[Dataset extract — start]
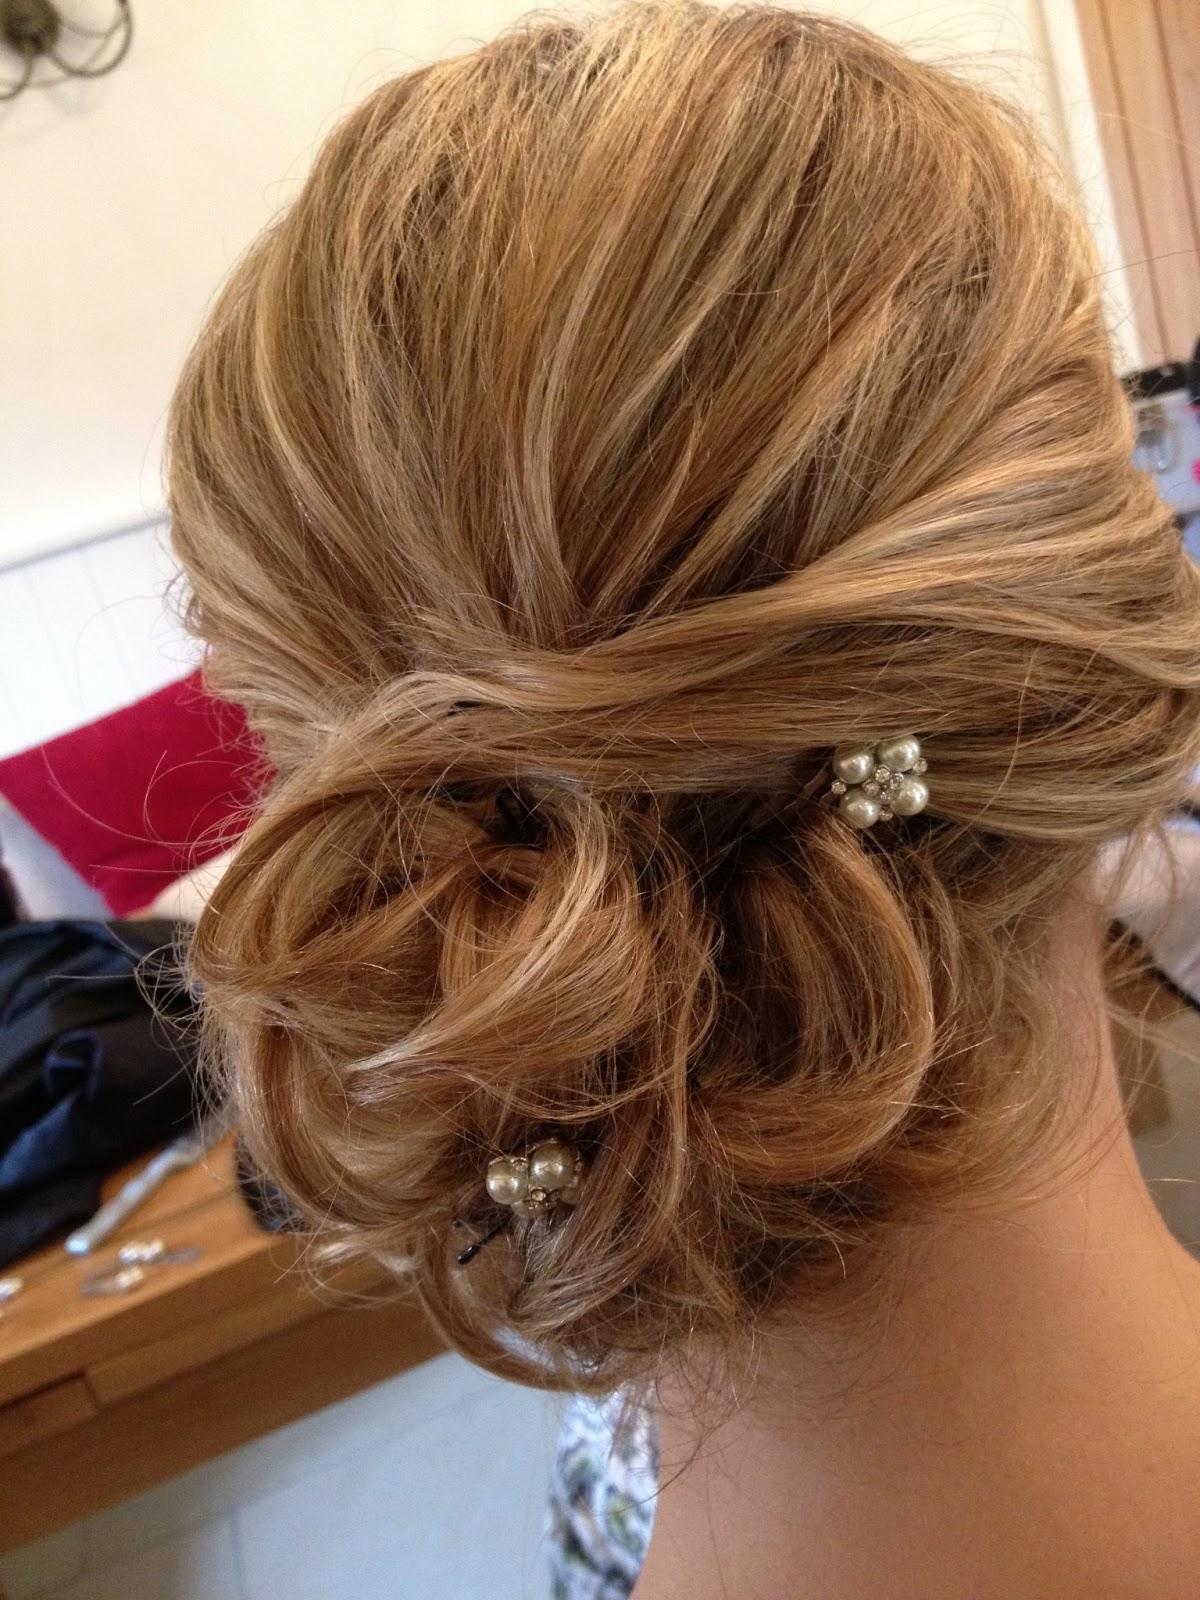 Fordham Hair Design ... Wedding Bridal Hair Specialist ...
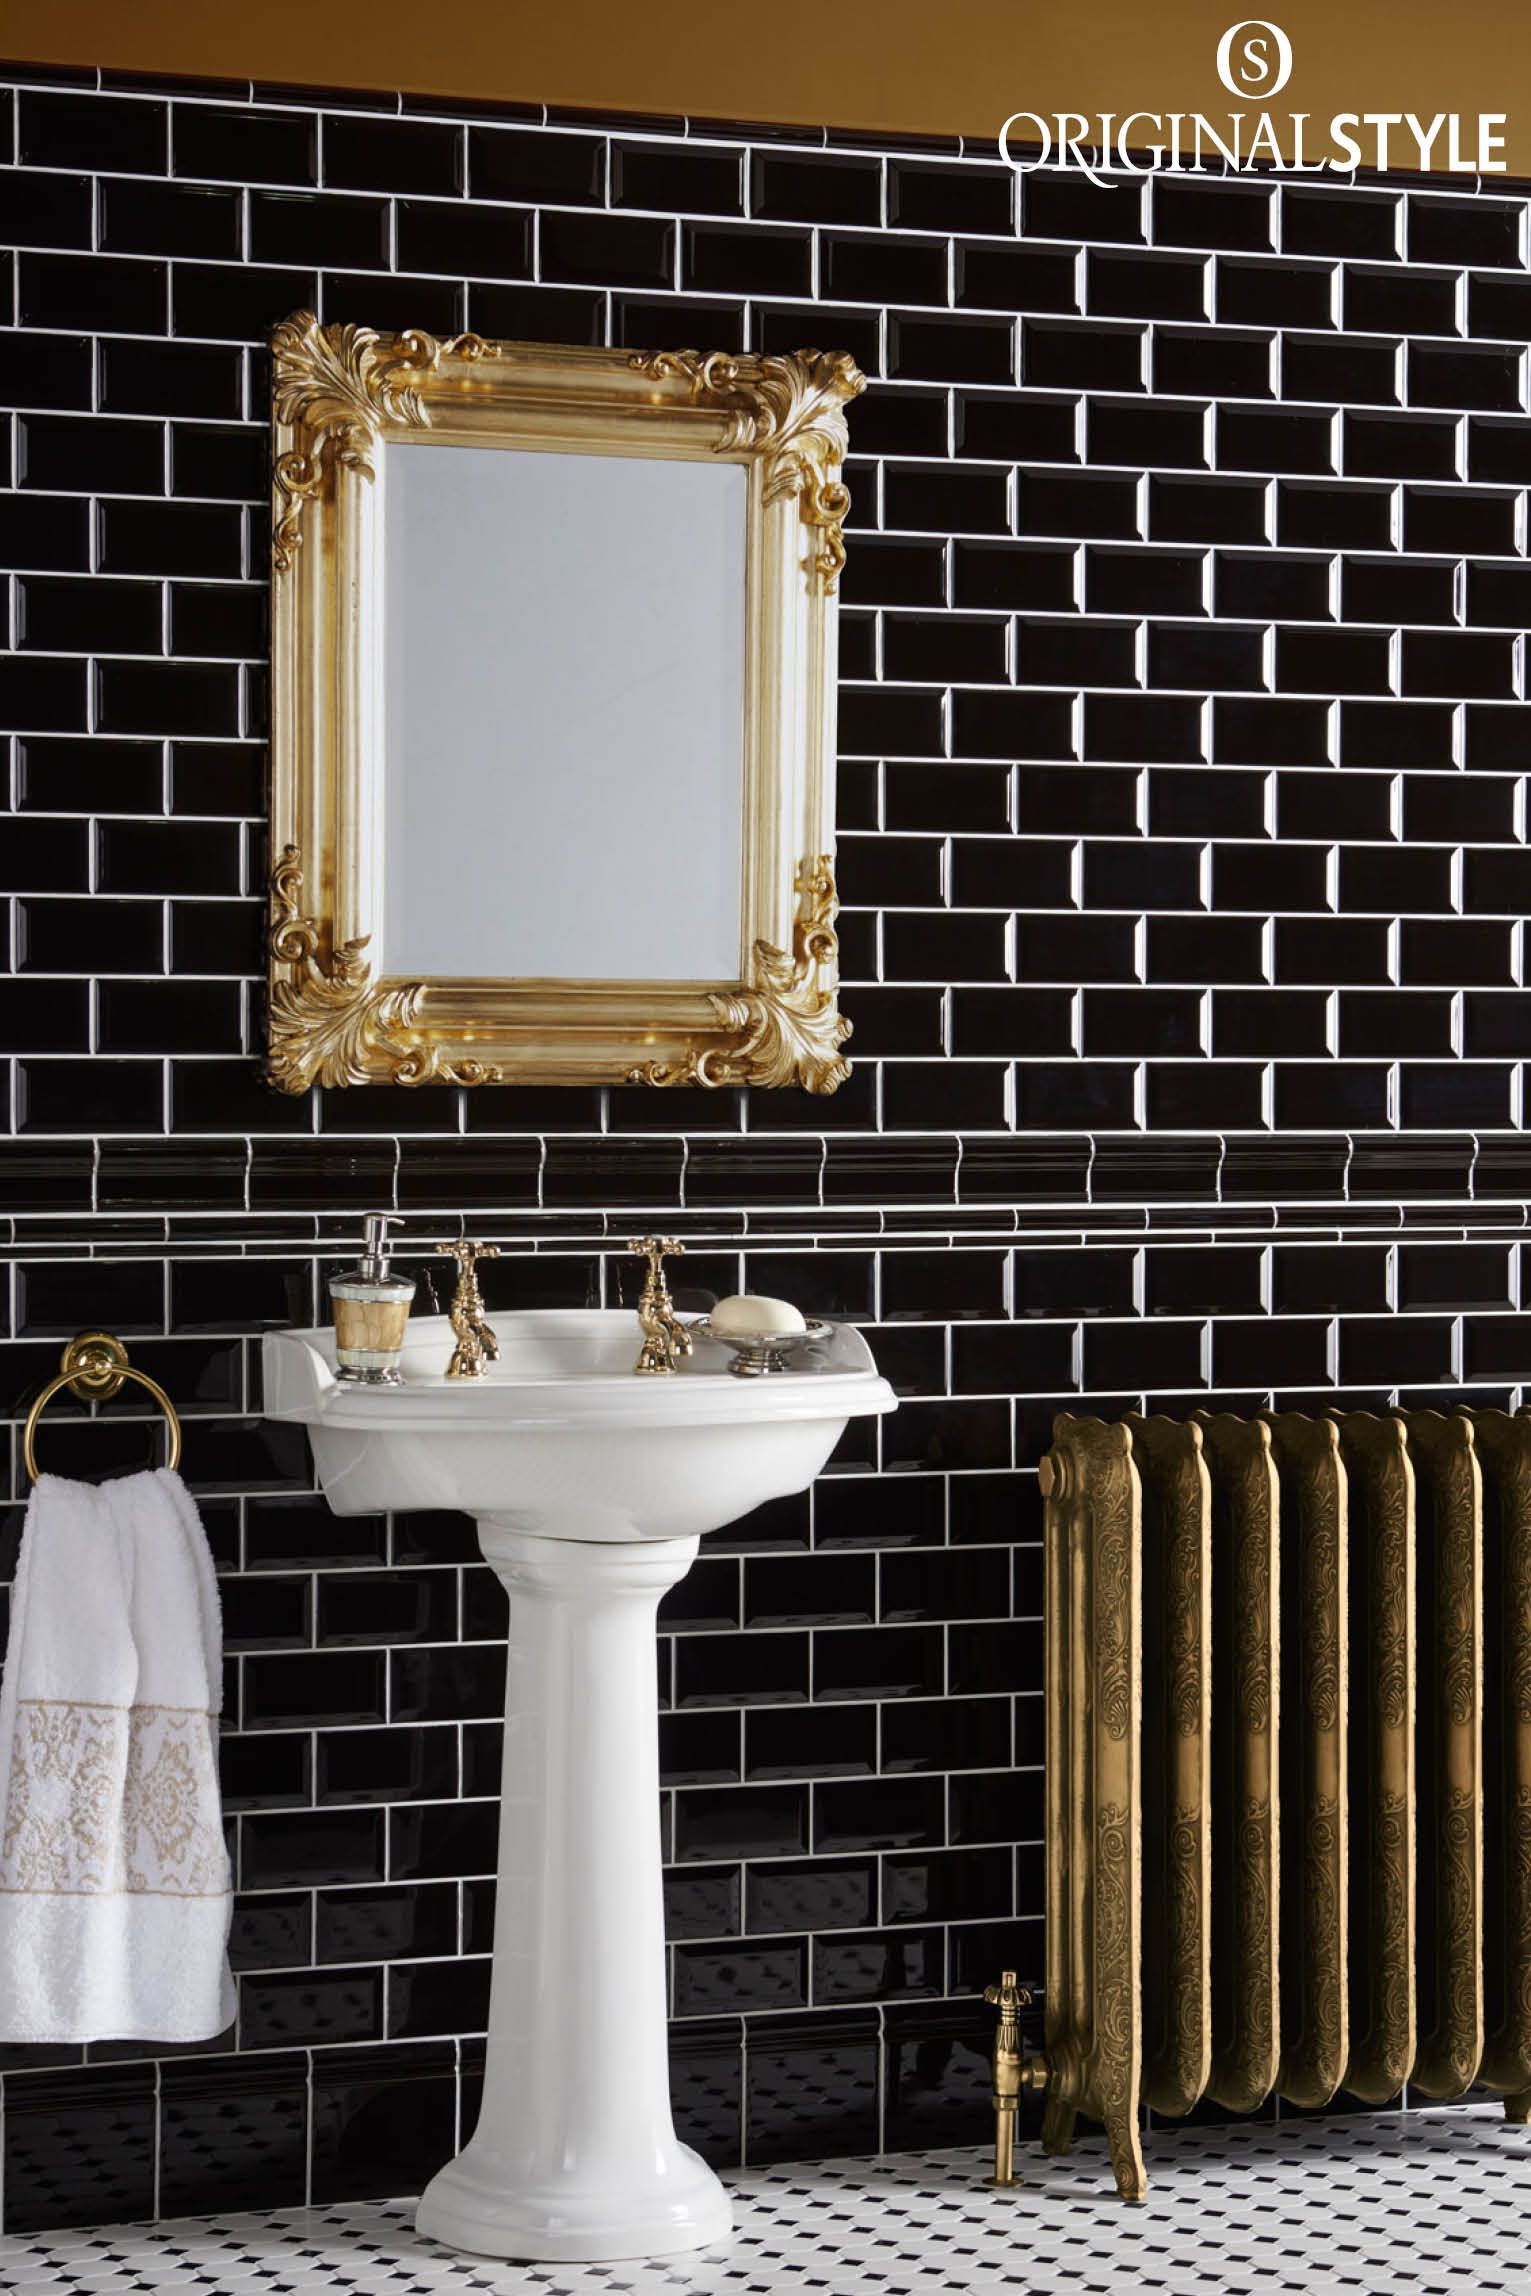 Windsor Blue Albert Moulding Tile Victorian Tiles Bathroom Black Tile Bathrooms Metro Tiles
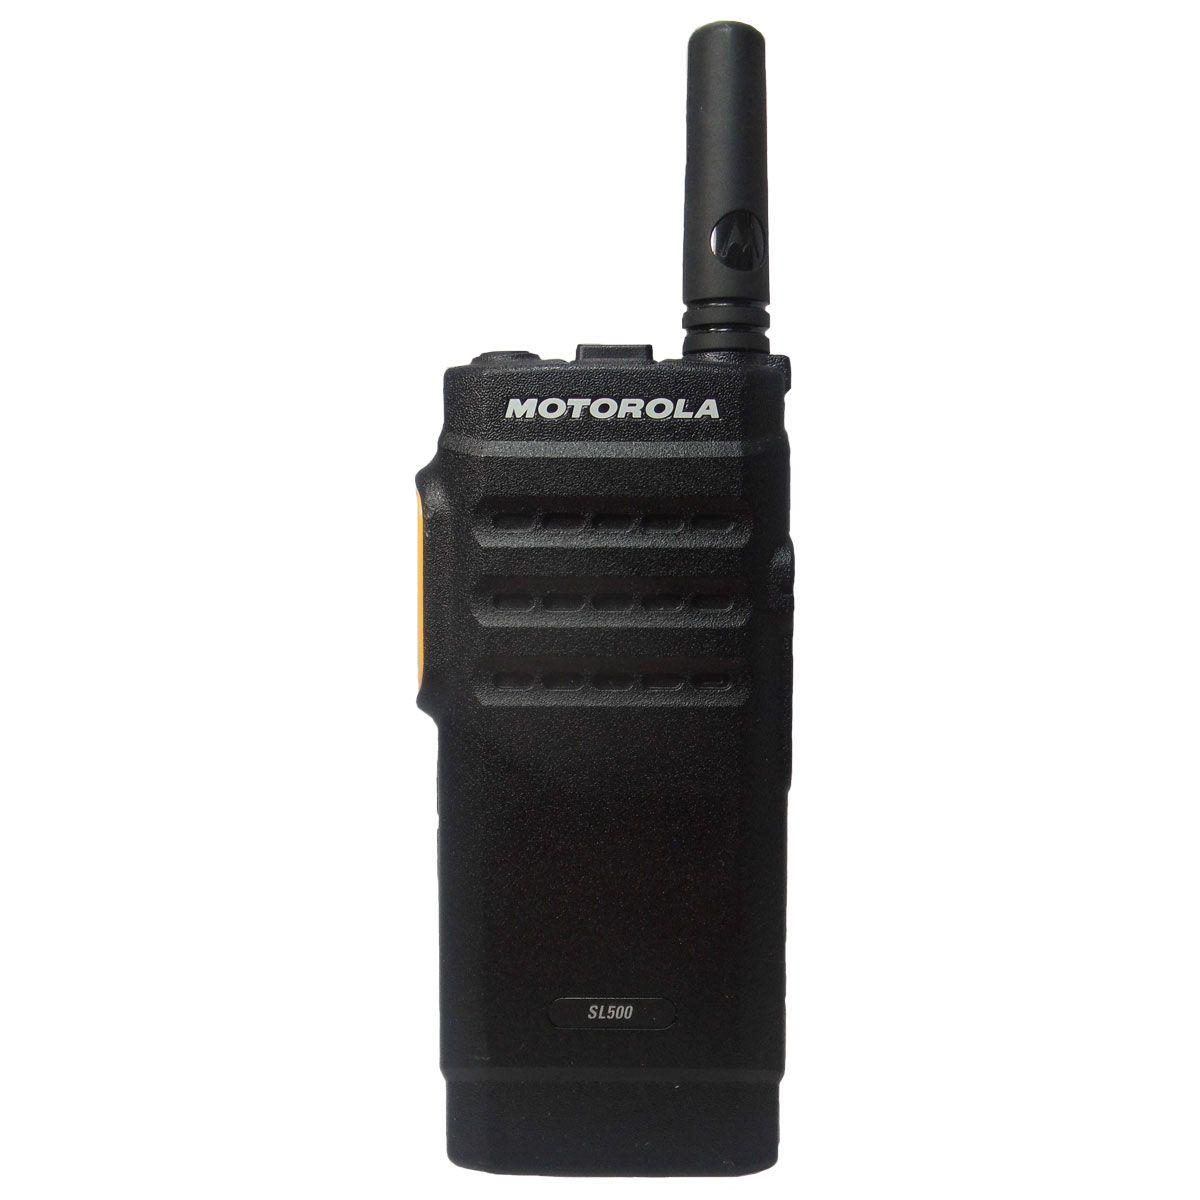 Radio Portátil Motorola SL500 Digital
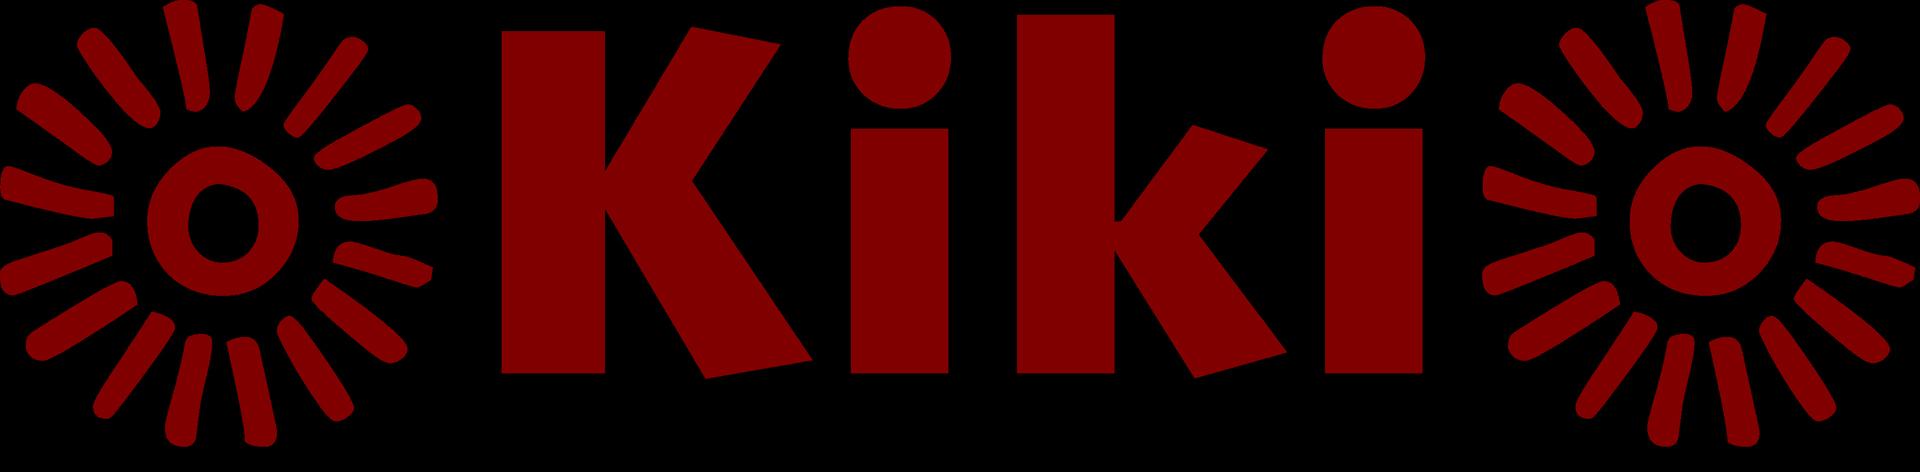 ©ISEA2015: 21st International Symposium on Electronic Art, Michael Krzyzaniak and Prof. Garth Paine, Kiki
[Dataset extract — finish]
● Exercise goal
Print the material above verbatim except the pictures.

● Answer for the task
 Fordham Hair Design ... Wedding Bridal Hair Specialist ...
 Windsor Blue Albert Moulding Tile Victorian Tiles Bathroom Black Tile Bathrooms Metro Tiles
 Radio Portátil Motorola SL500 Digital
 ©ISEA2015: 21st International Symposium on Electronic Art, Michael Krzyzaniak and Prof. Garth Paine, Kiki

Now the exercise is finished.